Albert na piśmie :)
11:10Namiętnie oglądam blog Silanny i straaaasznie podobają mi się jej SŁOWA IMIONA. Ta fascynacja rosła we mnie do tego stopnia, że zapragnęłam stworzyć takowe dla własnego potomka (w tym miejscu pragnę podziękować mojemu mężowi, że mamy tylko jedno dziecko).
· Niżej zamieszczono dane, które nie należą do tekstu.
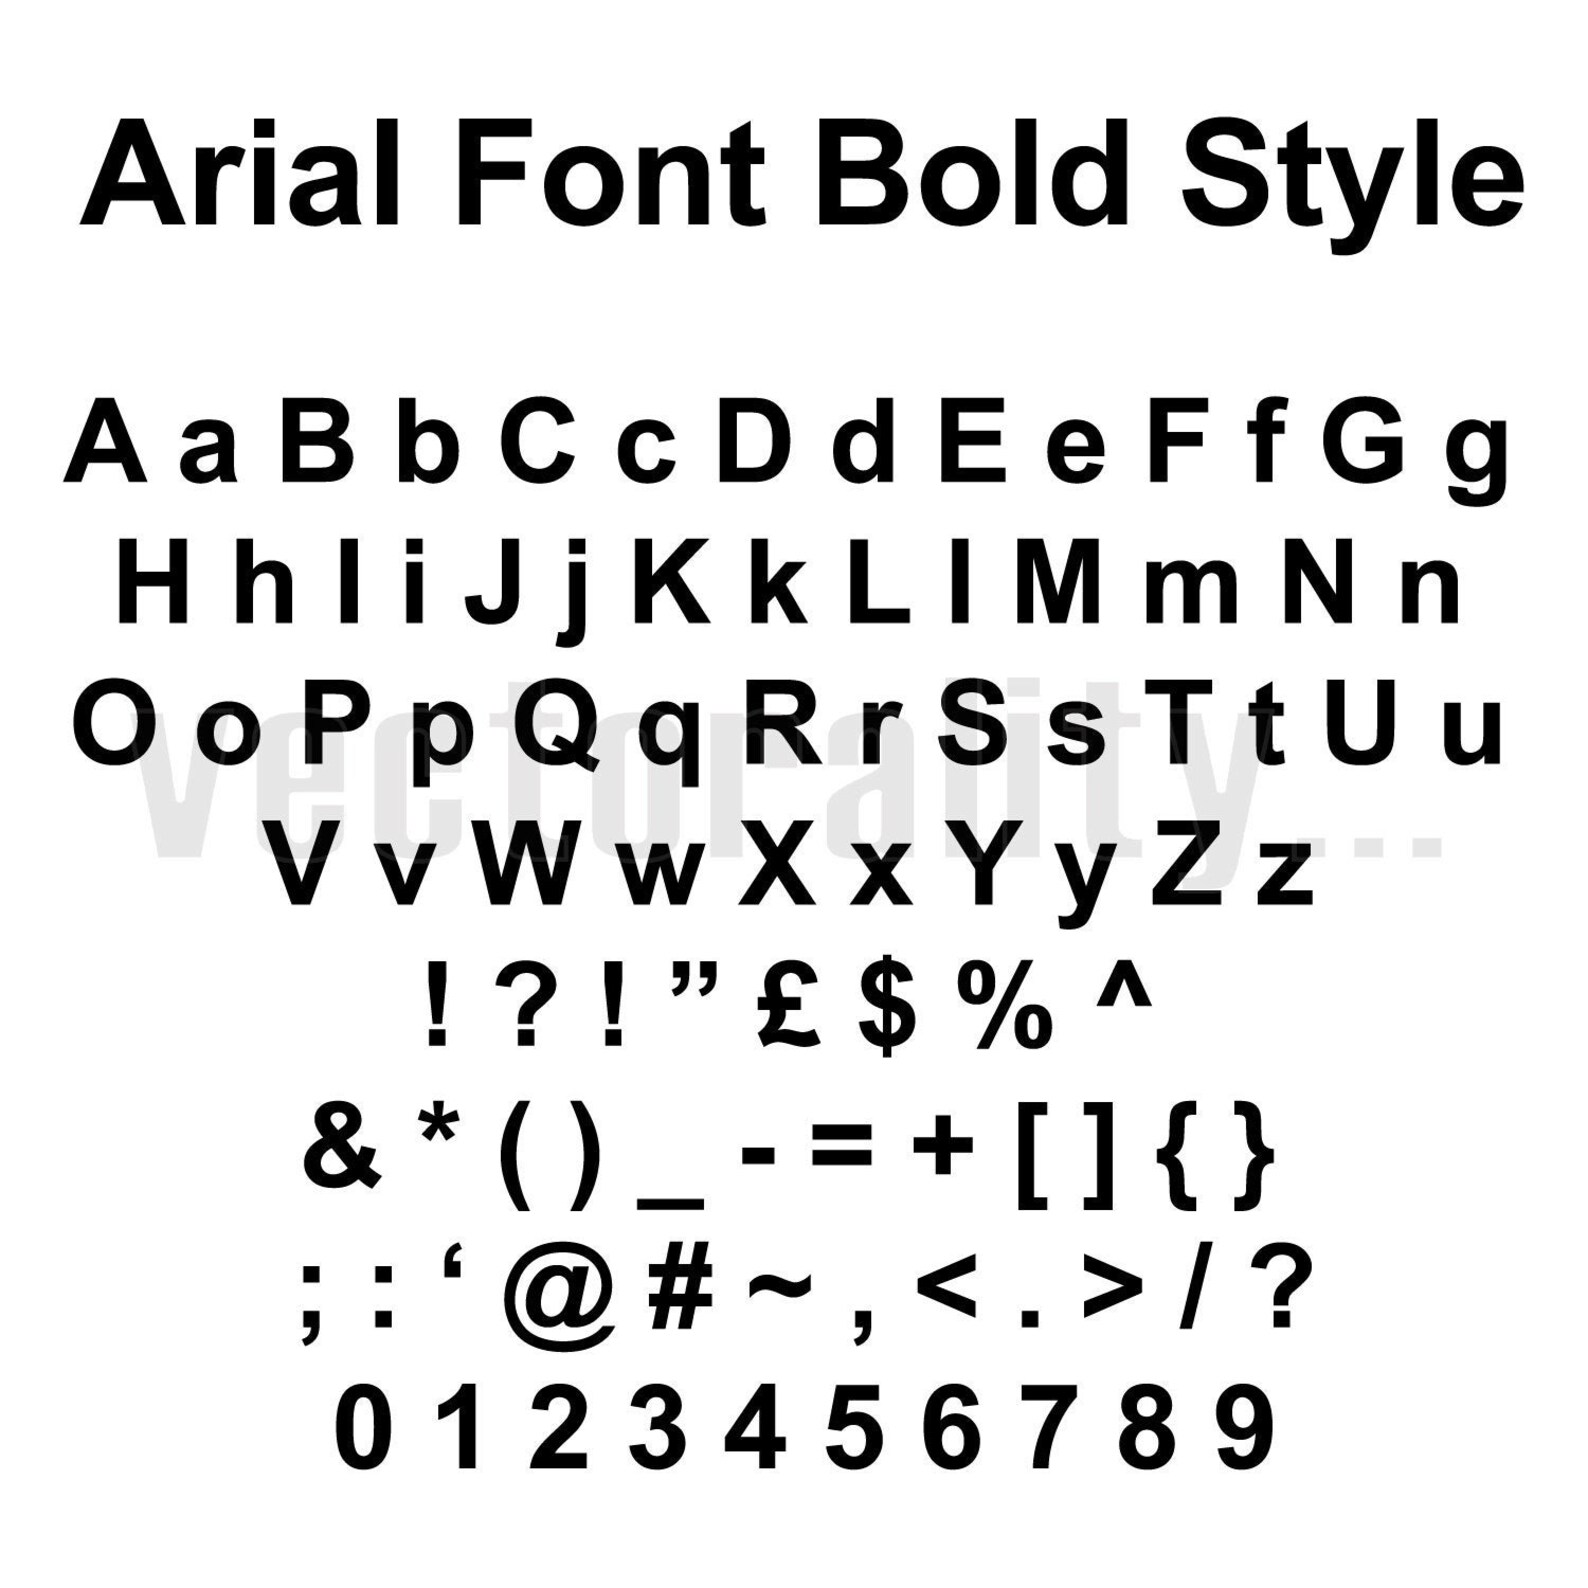 Шрифт arial 2. Arial шрифт. Шрифт arial Regular. Шрифт arial rounded. Полужирный шрифт arial.

Przyznam, że było to dla mnie ogromne wyzwanie i niezła zagwostka jak to wszystko pozszywać na lewej i prawej stronie, by wyglądało choć w połowie tak ładnie jak literki Silanny.
Po dwóch dniach ciężkich robót: szycia to znów prucia (bo jak to potem wywlokę na prawą stronę) i znów szycia, stanęłam przed największym wyzwaniem jak zaszyć dziurki w brzuszkach ;/ I tu wielki szacun dla Silanny. Kobieto nie wiem jak Ty to zrobiłaś. Ja użyłam tasiemki by zakryć zewnętrzne szycie. Na nic mądrzejszego nie wpadłam. Efekt mojej pracy widać poniżej.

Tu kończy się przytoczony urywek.